[PlanetCCRMA] [PlanetCCRMANews] the Planet lands on Fedora 10

Paul Coccoli pcoccoli at gmail.com
Thu Dec 4 18:22:21 PST 2008


On Wed, Dec 3, 2008 at 6:14 PM, David Ford <dford at ansur.demon.co.uk> wrote:
> So recording a track with jack/Ardour, playing it back while recording
> another track, and so on, then mixing it down to stereo, doesn't really
> need very low latency?
> I have to admit that I just thought to record music you must have the
> lowest latency possible.
> What sort of thing do I need to be doing to make full use of the low
> latency? (i.e. what is software monitoring exactly?)
> Sorry if these are dumb questions!
> And if I'm doing dumb questions: Why does Ardour engine always start in
> 48K sample rate even when I've set jack and everything I can find to
> 44K1? (Burning a CD and forgetting to convert 48 to 44.1 is my most
> common pastime!)
> Thanks for any pointers.
> David

Unless I've gone nuts (happens quite frequently, actually), ardour
knows the jack buffer size and compensates for the latency of your
recordings.  So yes, crank up the buffer size.

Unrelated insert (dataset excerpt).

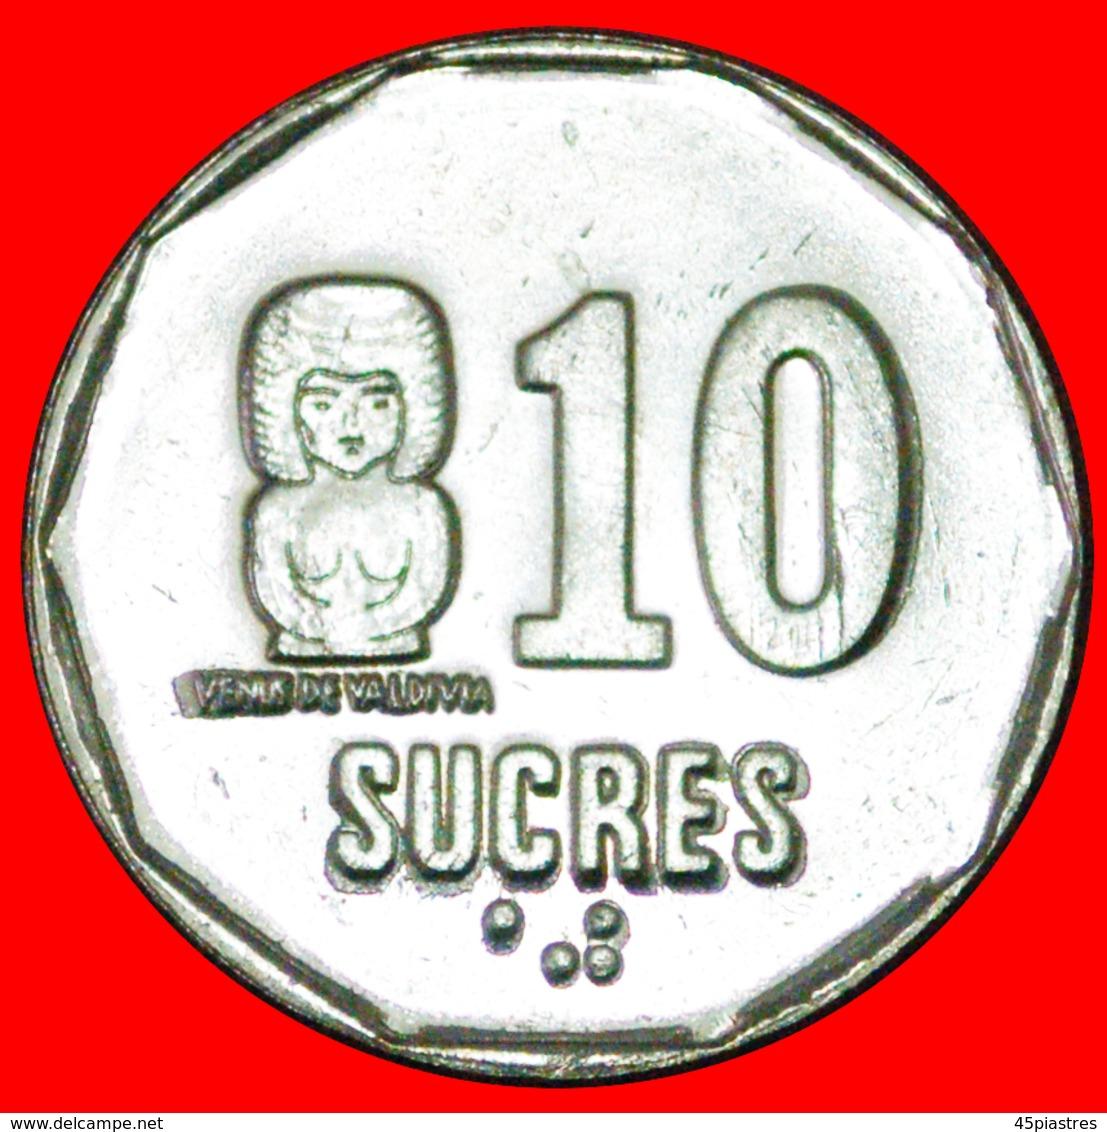 # CANADA: ECUADOR ★ 10 SUCRES 1991 MINT LUSTER! LOW START ★ NO RESERVE! - Ecuador

The only time this is bad is if you want to hear the affect of the
plugins on a track in real-time, as that track is being recorded.  But
don't do that; it's silly.  Apparently some singers like to hear
reverb on their own voice.  In that case, split the input signal and
apply outboard affects to one and monitor that.  The other case is if
you're playing softsynths (not currently possible in ardour anyway),
or if you're using the computer as a live effects unit.

Not sure about 44.1/48k issue.

Hope this helps and I haven't said anything misleading or incorrect.
I haven't really used ardour in a couple of years.